12. In de verzekeringsgeneeskundige beoordeling kan niet uitsluitend worden afgegaan op hoe eiseres haar klachten zelf ervaart. In de systematiek van de Ziektewet-beoordeling zijn niet de ervaren klachten of de diagnose doorslaggevend, maar de mate waarin beperkingen ten aanzien van het verrichten van arbeid als gevolg van die klachten objectief medisch kunnen worden onderbouwd. Zonder afbreuk te willen doen aan de door eiseres ervaren impact van haar klachten op het dagelijks leven, merkt de rechtbank op dat er geen medisch objectieve onderbouwing is voor verdergaande beperkingen.
13. De rechtbank vindt dat het UWV terecht heeft geoordeeld dat eiseres in staat moet worden geacht arbeid te verrichten als daarbij rekening wordt gehouden met de beperkingen die in de FML zijn vastgesteld.
Arbeidskundige grondslag van het bestreden besluit
14. Uitgaande van de juistheid van de medische beperkingen die bij eiseres zijn vastgesteld, ziet de rechtbank in wat eiseres heeft aangevoerd geen reden om de geschiktheid van de geduide functies in twijfel te trekken.
15. De arbeidsdeskundige B&B heeft berekend dat eiseres met de middelste van de drie voor de schatting gebruikte functies meer dan 65% kan verdienen van het loon dat zij verdiende voordat zij ziek werd.

Conclusie en gevolgen

16. Het UWV heeft terecht besloten om per 3 september 2021 de ZW-uitkering van eiseres te beëindigen, omdat zij meer dan 65% kan verdienen van het loon dat zij verdiende voordat zij ziek werd.
17
.Het beroep van eiseres is ongegrond. Dit betekent dat zij geen gelijk krijgt. Omdat eiseres in beroep geen gelijk krijgt, wordt het door haar betaalde griffierecht niet vergoed.

Beslissing

De rechtbank verklaart het beroep ongegrond.
Deze uitspraak is gedaan op 8 maart 2023 door mr. M.A. Broekhuis, rechter, in aanwezigheid van mr. J.B.C. Hoeksel, griffier.
griffier
rechter
De uitspraak is verzonden op
en zal binnen een week na deze datum openbaar gemaakt worden door publicatie op rechtspraak.nl.

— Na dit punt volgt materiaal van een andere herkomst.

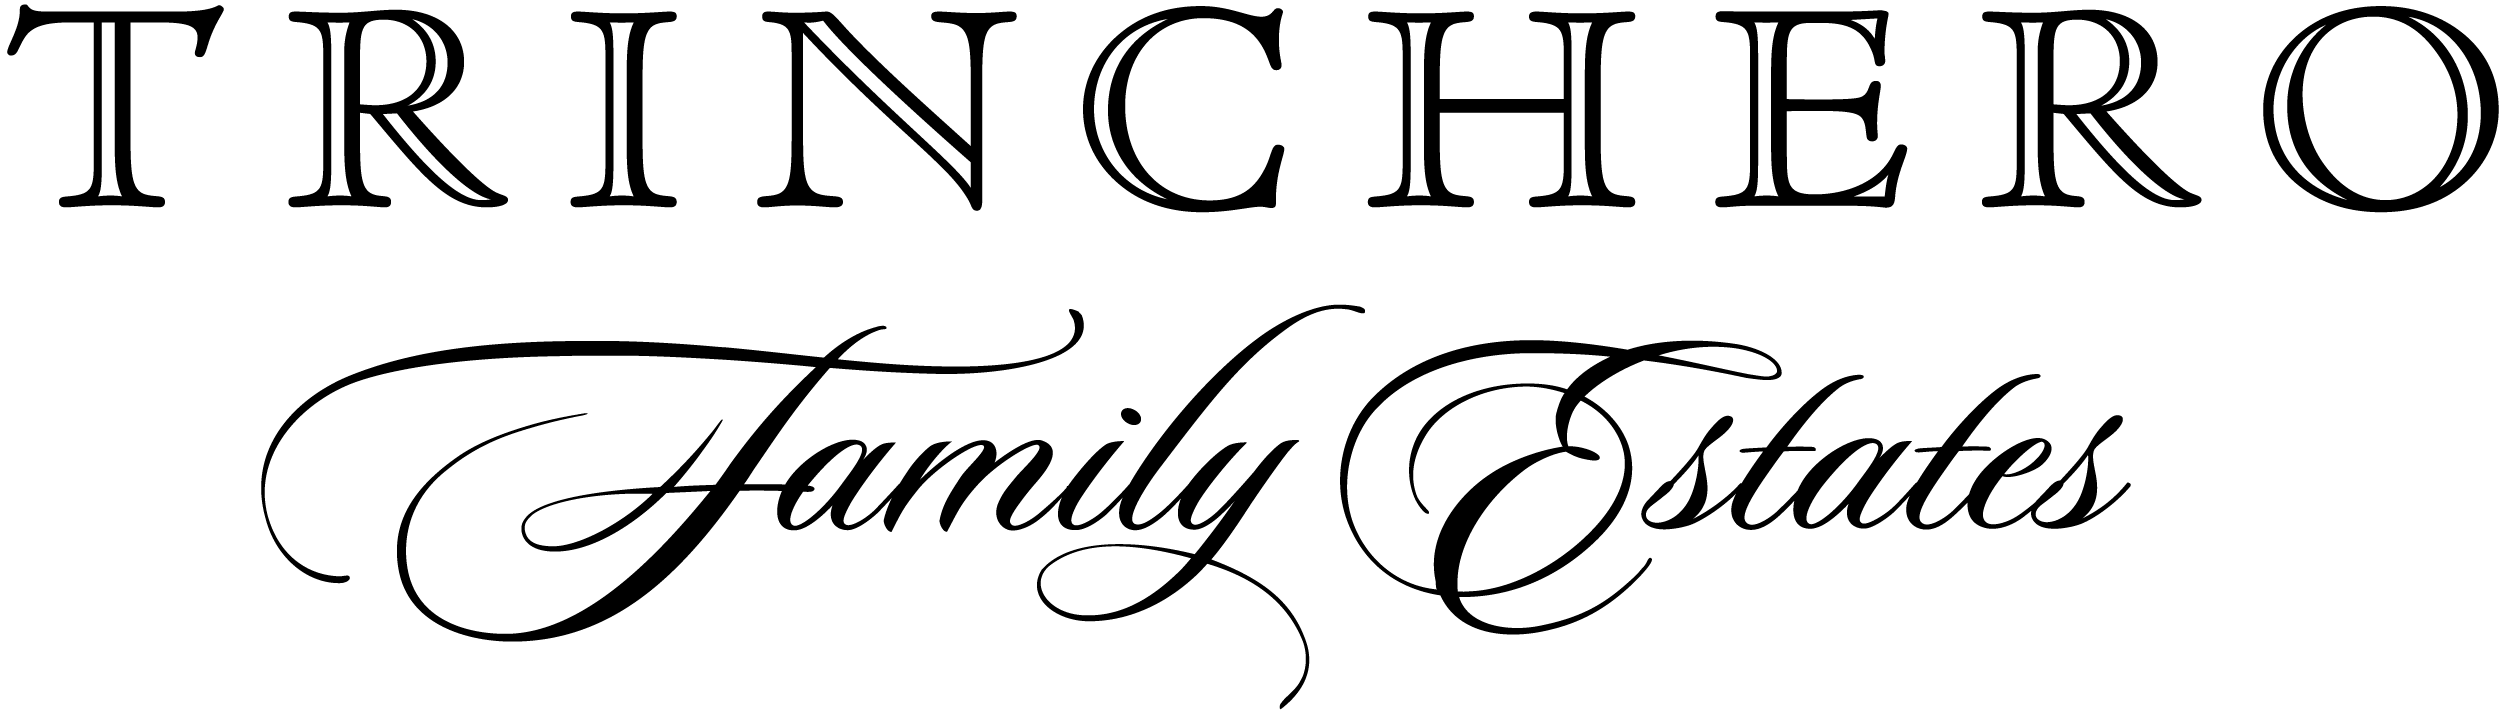 Trinchero Family Estates Black_White PNG Logo
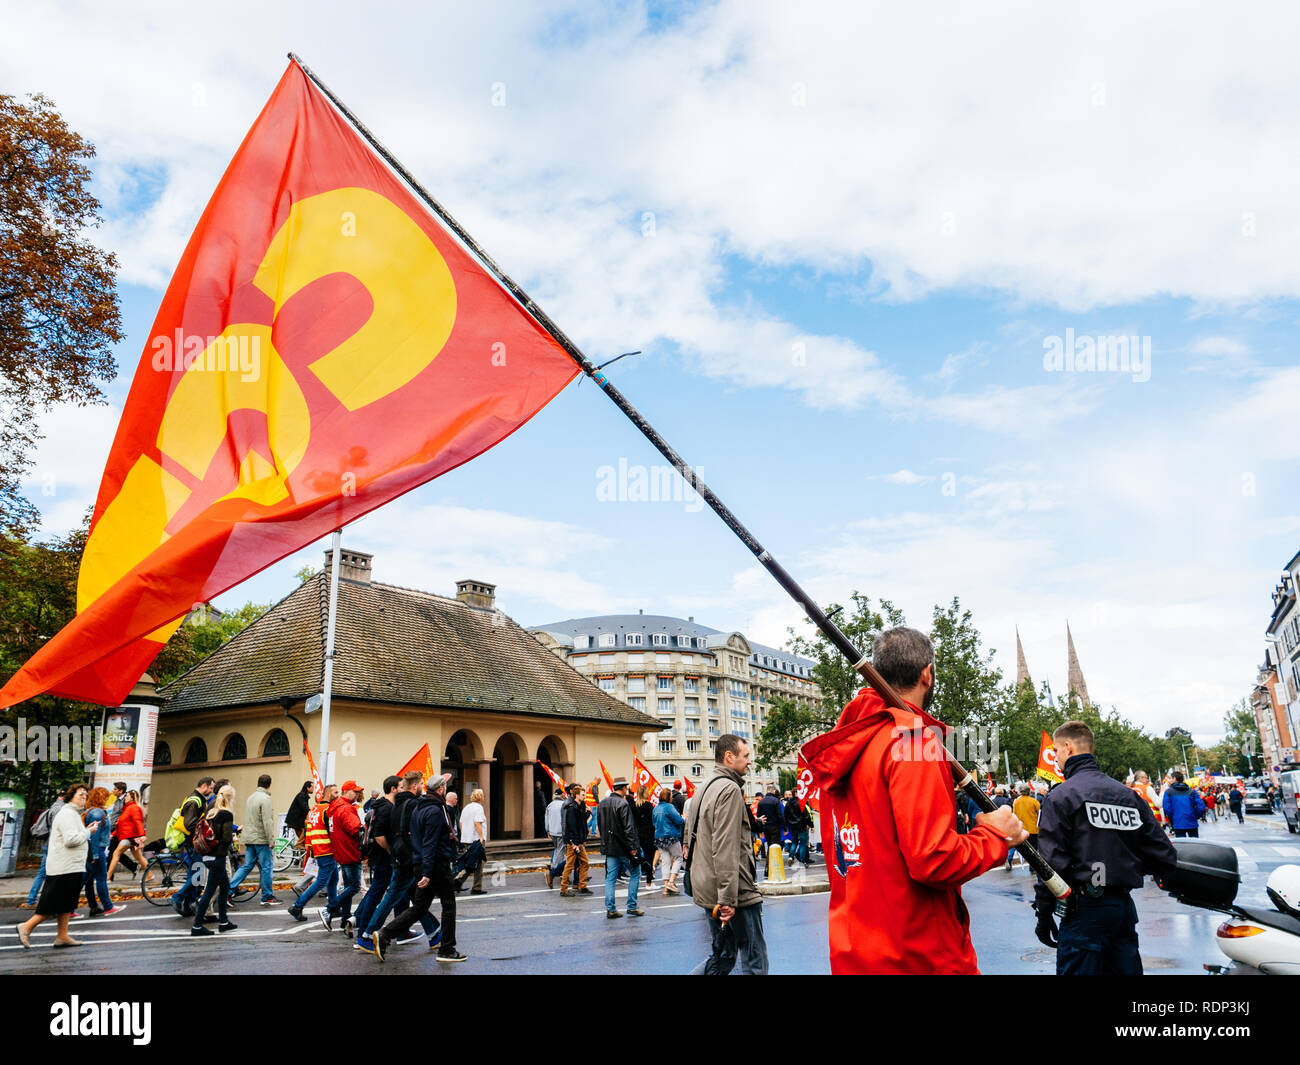 STRASBOURG, FRANCE - Sep 12, 2018 : rue centrale avec l'homme en agitant le drapeau de la CGT sur l'ensemble du territoire français de la rue au cours d'une journée de protestation contre la réforme du travail proposé par Emmanuel Macron Gouvernement avec agent de police surveiller la manifestation Banque D'Images

Informatie over hoger beroep

Een partij die het niet eens is met deze uitspraak, kan een hogerberoepschrift sturen naar de Centrale Raad van Beroep waarin wordt uitgelegd waarom deze partij het niet eens is met deze uitspraak. Het hogerberoepschrift moet worden ingediend binnen zes weken na de dag waarop deze uitspraak is verzonden. Kan de indiener de behandeling van het hoger beroep niet afwachten, omdat de zaak spoed heeft, dan kan de indiener de voorzieningenrechter van de Centrale Raad van Beroep vragen om een voorlopige voorziening (een tijdelijke maatregel) te treffen.